XI
Lo enloquecía, así de simple. Su suavidad, la forma en que lanzaba pequeños suspiros, la manera en que se retorcía en cuanto la besaba, esos pechos, diablos, esos pechos que eran su maldita obsesión. Su olor, que lo ponía como una piedra, hambriento, saciándose solo si la poseía una y otra y otra vez.
No podía parar aunque se lo pidiera, no mientras sintiera en su boca ese sabor que era suyo y ese calor que atrapaba sus dedos en adelanto a lo que iba a sentir en pocos segundos. ¡Demonios! Solo de pensar en su miembro dentro, hasta el fondo, lo ponía a cien, notaba cómo se engrosaba con esa imagen, lo único que podía pensar, lo demás eran sensaciones. Tan ardiendo, se sentía ardiendo.
Dios, Dios, espera, cariño...
No, no, no, por favor. Ni queriendo podría dejar de amarla. Tras una última penetración se deslizó hacia arriba contra su cuerpo, su miembro presionando contra ese cuerpecito hecho para él, tenso, hinchado al máximo, esperando acceder a ese calor.
Alcanzó esos labios y ambos saborearon el sabor de su hembra, entremezclado en sus bocas, en su saliva, se devoraron el uno al otro, disfrutándolo...
¡Joder!
Poco le faltó para correrse al sentir esa mano envolviéndolo y apretando, recorriendo su enorme longitud con deleite.
Era una bruja, su enana, y lo iba a volver loco. Notó que lo posicionaba a su entrada y simplemente empujo.
Escuchó su gemido, suave. Sabía que era enorme y ella pequeña y algo de dolor le causaba al sobrepasar la entrada, sentía su miembro presionar y obtener espacio mientras ella gemía con una mezcla de inmenso placer e incomodidad.
Dios, tenía que ser suave, lento, pero le costaba tanto, ¡maldita sea!, lo que deseaba era penetrar a fondo, hasta sentirse totalmente acogido en ese vientre. Presionó con las caderas hasta llenarla casi entera, no del todo, y salió hasta que solo la punta permaneció en su interior y empujó, dejándose llevar, generando un chillido en ella que se transformó enseguida en gemidos de placer. Le encantaba dar placer a su torbellino.
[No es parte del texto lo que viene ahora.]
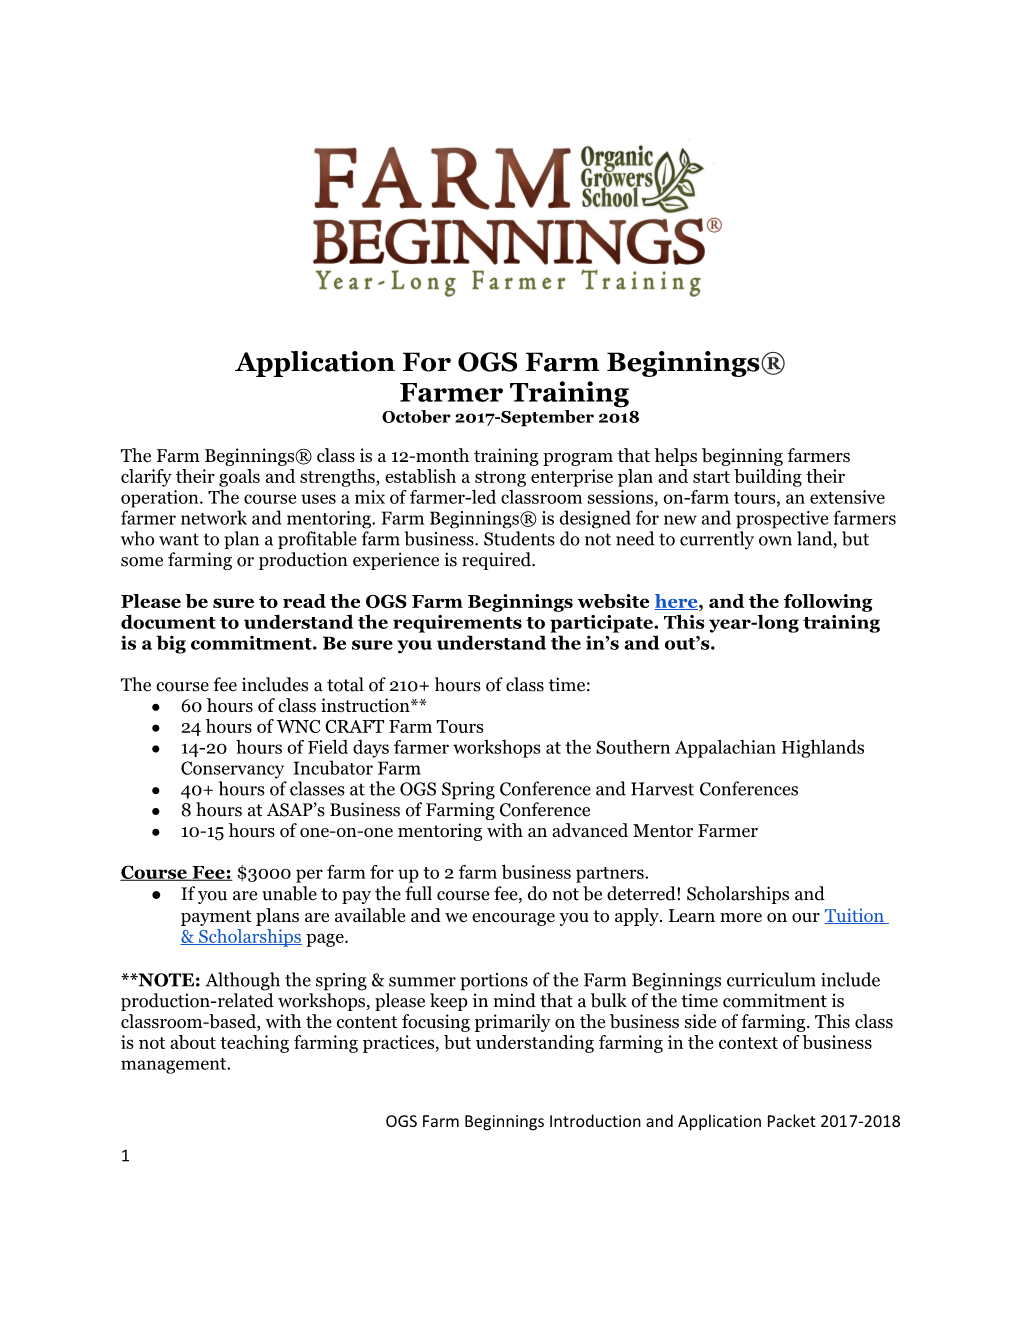 Application for OGS Farm Beginnings

Entre esa calidez, la presión que se incrementaba sobre su miembro, esas pequeñas manos arañando su espalda, esa boca que lo devoraba y esos dulces gemidos que quedaban atrapados en esta, perdió la noción de todo, del tiempo, de sus alrededores, solo la sentía a ella como si lo cubriera con su aroma y se dejó llevar por las sensaciones, lo volvía loco. Incrementó el ritmo por pura necesidad, hasta alcanzar una cadencia salvaje, brutal que a ambos enloquecía.
Sintió los suaves temblores del cuerpo que cubría, de esas caderas y la presión repentina, inmensa sobre su miembro y estalló con ella, al tiempo, pero siguió adentrándose en ese calor, más lentamente. Casi dolía del cúmulo de sensaciones, cada vez más suave, hasta que todavía en su interior dejó caer su peso sobre ella, las cabezas unidas sobre la almohada, ligeramente giradas la una hacia la otra.
La tenía a su lado, esa cara preciosa con alguna peca desperdigada en las mejillas, esa gloriosa melena totalmente enredada y esos ojos castaños en cuyos iris danzaban pequeñas vetas doradas. Su mujer, su corazón.